= I/O request packet =

Data structures used in Microsoft Windows for I/O operations

I/O request packets (IRPs) are kernel mode structures that are used by Windows Driver Model (WDM) and Windows NT device drivers to communicate with each other and with the operating system. They are data structures that describe I/O requests, and can be equally well thought of as "I/O request descriptors" or similar. Rather than passing a large number of small arguments (such as buffer address, buffer size, I/O function type, etc.) to a driver, all of these parameters are passed via a single pointer to this persistent data structure. The IRP with all of its parameters can be put on a queue if the I/O request cannot be performed immediately. I/O completion is reported back to the I/O manager by passing its address to a routine for that purpose, IoCompleteRequest. The IRP may be repurposed as a special kernel APC object if such is required to report completion of the I/O to the requesting thread.

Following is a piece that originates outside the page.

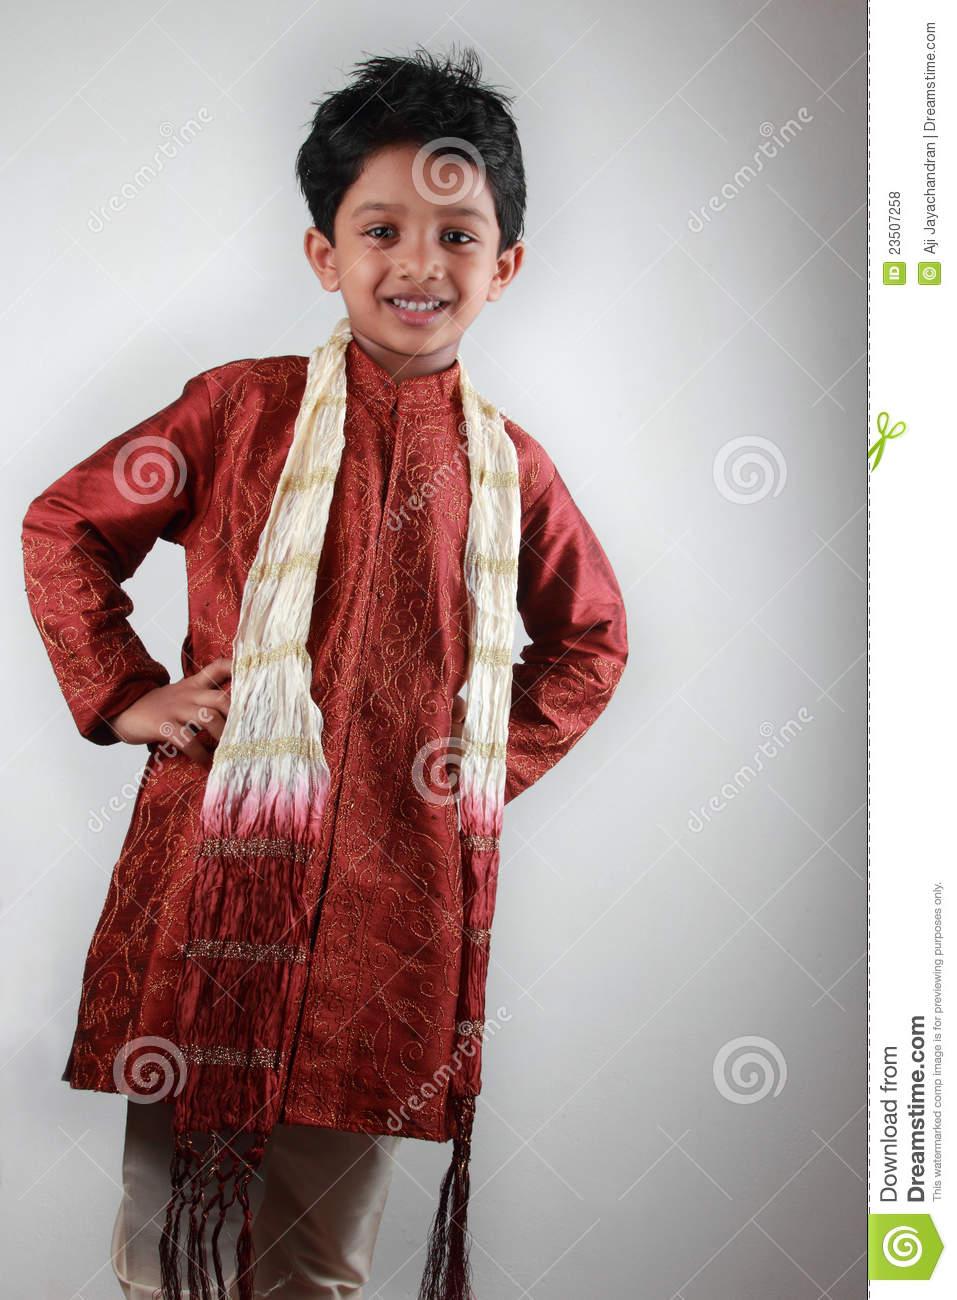 Boys Who Wear Dresses & A Wonderful Start

IRPs are typically created by the I/O Manager in response to I/O requests from user mode. However, IRPs are sometimes created by the plug-and-play manager, power manager, and other system components, and can also be created by drivers and then passed to other drivers.

The I/O request packet mechanism is also used by Digital Equipment Corporation's VMS operating system, and was used by Digital's RSX-11 family of operating systems before that. An I/O request packet in RSX-11 is called a directive parameter block, as it is also used for system calls other than I/O calls.